Pull on the tree is in line with the pull rope all the time. The vector force is an accumulated force from the front and the rear combined acting in a middle of the road and doesn't play a role in the pull direction, just an additional force of little value in the operation until the tree has leaned far enough so that it helps put pressure more toward that direction.
 
If he hooks a winch to the rope and applies 150 lbs force in that direction. It will still be 150 lbs force in that direction for both. There will be a vector force pulling on the crotch somewhere in between his winch and the tree, but it still will be 150 lbs force in the direction of the winch. You can't not make it not be so. You can't have 150 lbs at the winch and something less at that point in the tree. And it has to be going right at the winch because that is where the rope is going. It isn't going to curly cue around to get there.
Argggggg!
Forget the vector force.

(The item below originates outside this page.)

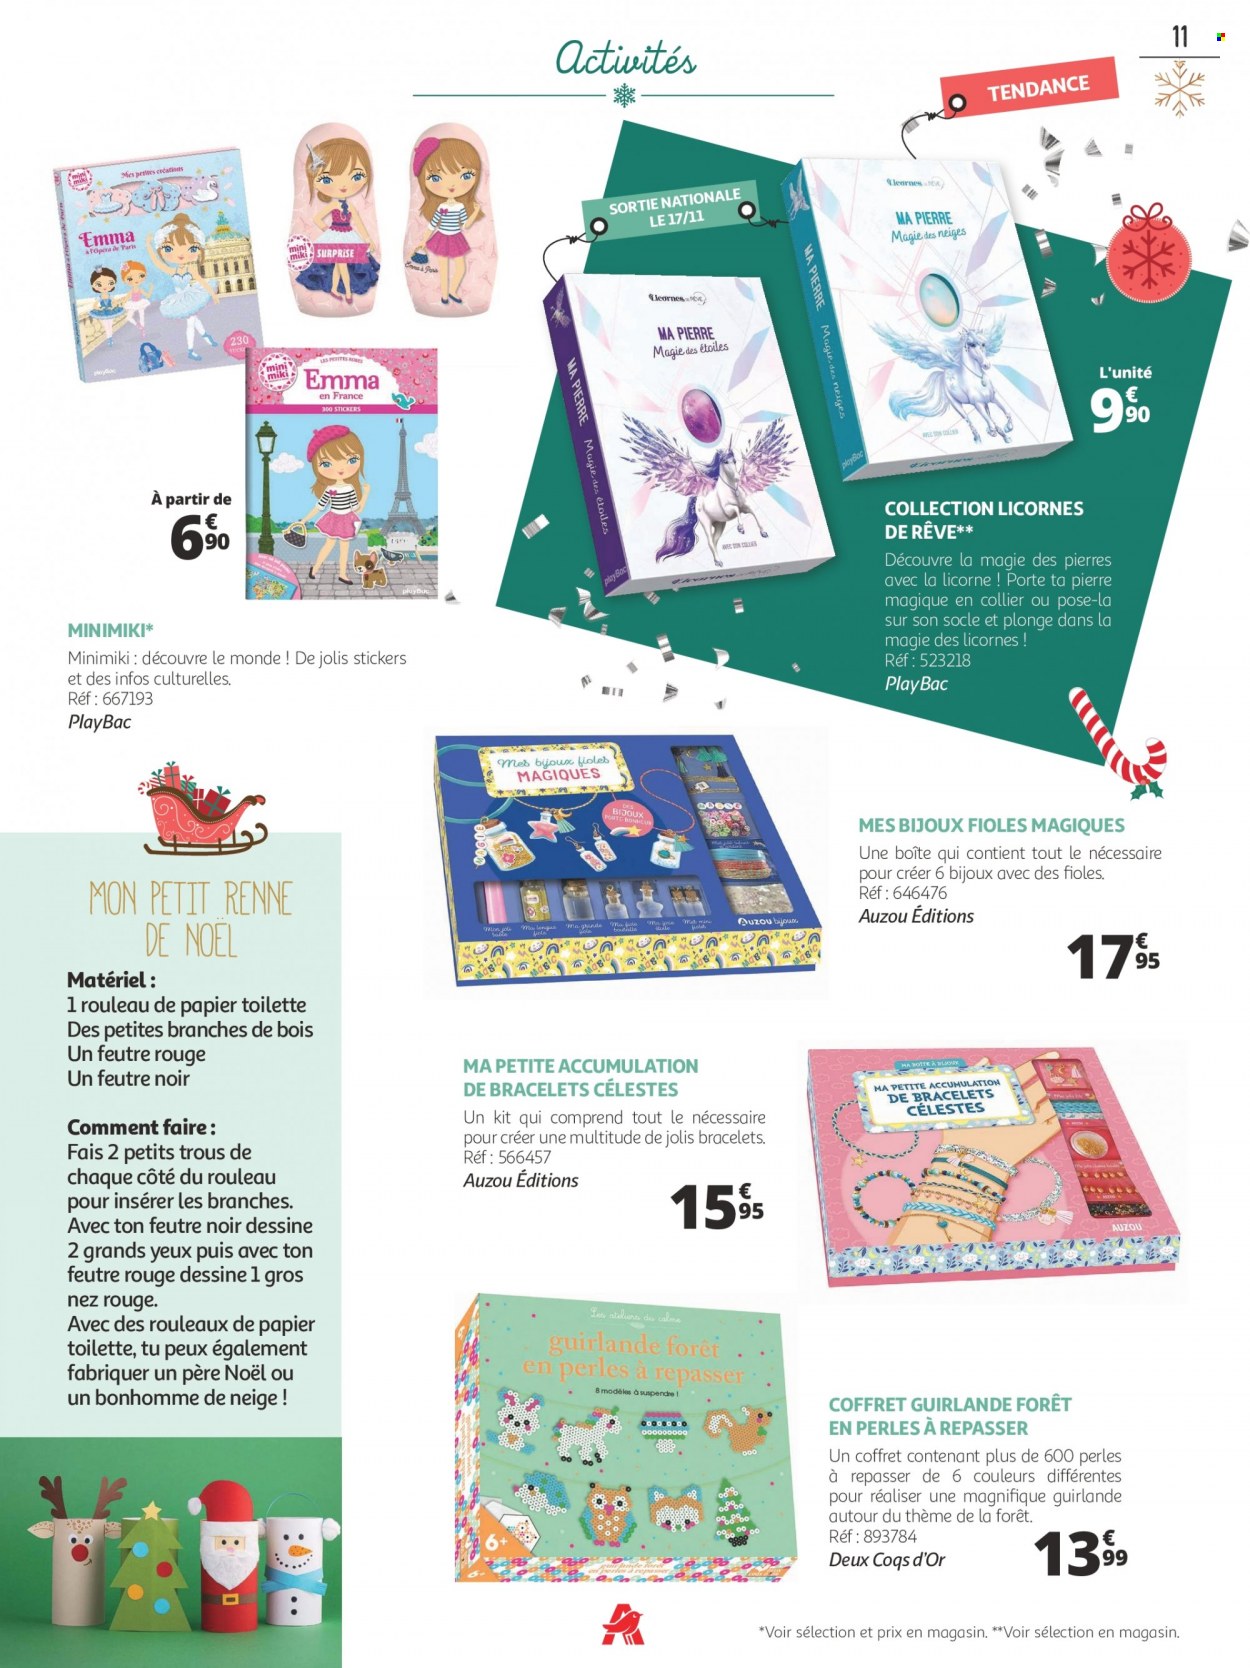 thumbnail - Catalogue Auchan - 08/11/2021 - 24/12/2021 - Produits soldés - père noël, papier toilette, bonhomme de neige, feutre, guirlande, licorne, bijouterie, bracelet. Page 11.

It is not playing a useful role here. It is just a force created that is of no value to pulling over the tree and does not alter the required force needed to pull the tree over. Nor does it change any angle of force pulling on the tree. It is just there chilling out hoping it may come in handy one day and trying to break your limb off if you went over a not so safe one.
 
What if we replace the crotch up top with a high efficiency pulley for the basal tie. That would change the direction of pull to the bisecting angle between where the rope enters the pulley and where it exits. I hope we can agree on that. So what I'm saying is that on some smaller and lower friction crotches, they can actually function as low efficiency pulleys and can actually change slightly the forces involved in pulling. I'm talking the difference between a 12" walnut crotch vs. a 3" sycamore or Beech crotch. Negligible in most situations probably, but still something to think about.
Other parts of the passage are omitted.